Kentucky Horsemen Weigh in on Race-Day Medication

At an Oct. 21 open forum on Kentucky's equine medication policy, nearly everyone agreed the state should be part of a national effort to attain uniformity. However, opinions varied widely when it came to just what that policy should include.

About 70 people attended the meeting held at the Keeneland sale pavilion in Lexington. The forum was initiated by Kentucky Racing Commission chairman Frank Shoop, who suggested the state move to the proposed Salix-only-on-race-day policy the national Racing Medication and Testing Consortium is expected to recommend in December. Shoop heard from supporters and a good number of dissenters from a group that included owners, breeders, trainers, and veterinarians.

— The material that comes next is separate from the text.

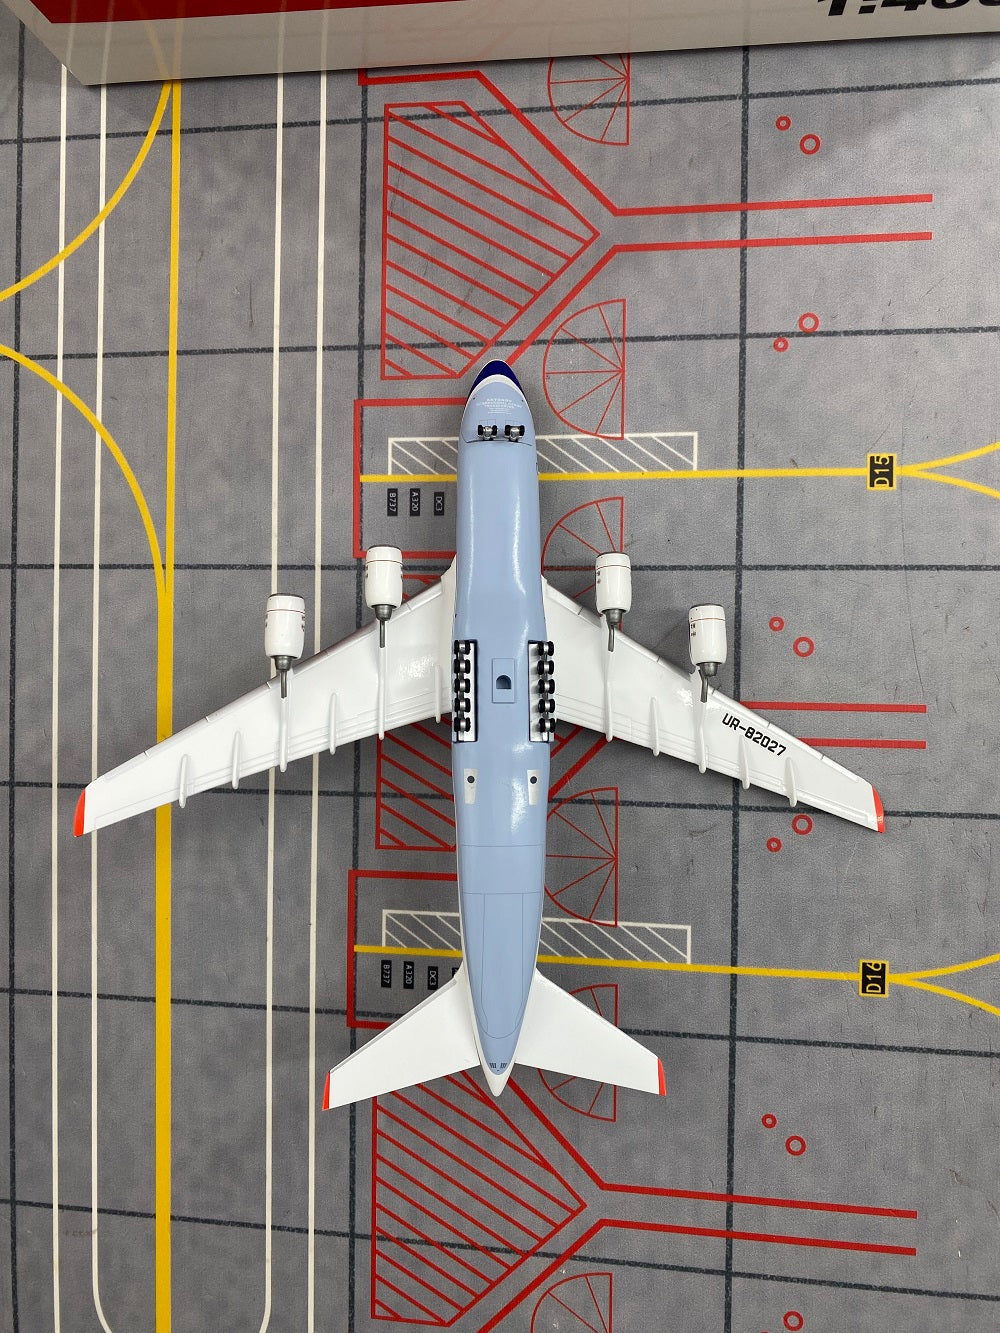 1:400 Blue Wings Antonov An-124 RA-82027 Aircraft Model With Stand

Trainer John Ward spoke in favor of the proposed policy, saying good, solid horsemen will send only healthy horses to the paddock to race. "I find in Kentucky the liberal medication rules are a crutch," he said. "I disagree that a shot of Banamine four hours out is something a good trainer needs. I feel if you can't get that horse right 24 hours out, maybe he shouldn't be in the entry box."

Others disagreed.

"The therapeutic medication we use doesn't move a horse up," said Bernie Flint, one of Kentucky's leading trainers. "It might help an ache or a pain, but performance enhancing? No. We're not trying to take an edge. I agree, we should put more money in testing, but I don't think we should take away the anti-inflammatory drugs. If it's not broke, don't fix it."

"I don't think Lasix can control bleeding on its own," trainer David Banks said. "I think adjunct medication can help Lasix. The (proposed) policy isn't practical day in and day out. I'm hoping the national policy will be more like (the current policy in Kentucky)."

Kentucky rules allow up to five medications on race day, including Salix (formerly known as Lasix); no more than two non-steroidal anti-inflammatory drugs (NSAIDs), namely phenylbutazone (Butazolidin) and flunixin meclofenamic acid (Banamine), naproxen, or ketoprofen; no more than one steroidal anti-inflammatory agent such as prednisolone, dexamethasone, prednisone, or triamcinolone; and furosemide and aminocaproic acid (amicar), both of which can be used to treat bleeding.

Ken Ramsey, who has many of his horses in training in Kentucky, said he believes some horses do need medication to race.

"If I have a headache, I take an aspirin," Ramsey said. "It doesn't make me run faster, but I can function. I think it's similar with horses. If there are no side effects (of a medication), I'm in favor of using it. I'm certainly not in favor of designer drugs, but minor drugs to me are like coffee, tea, or caffeine."

A number of veterinarians spoke in support of Kentucky's current rules. They emphasized therapeutic medications are used with the best interests of the horse in mind.

"Twenty percent of horses bleed through Lasix," said Dr. Mark Cheney, who advocated allowing additional anti-bleeding medications beyond the bleeder medication. Cheney did say, however, that "there is a good debate that a horse should not have to have Banamine four hours before a race."

"I believe in the medication policies we have right now," Dr. Charlie Ward said. "I also believe in no medication on race day. In a perfect world, we'd all exist without medication, but in this world, racing every three to four weeks, they need medications."

The next open forum is set for Nov. 18 at 12:30 p.m. Eastern time at Churchill Downs, where live racing is scheduled to begin Oct. 26.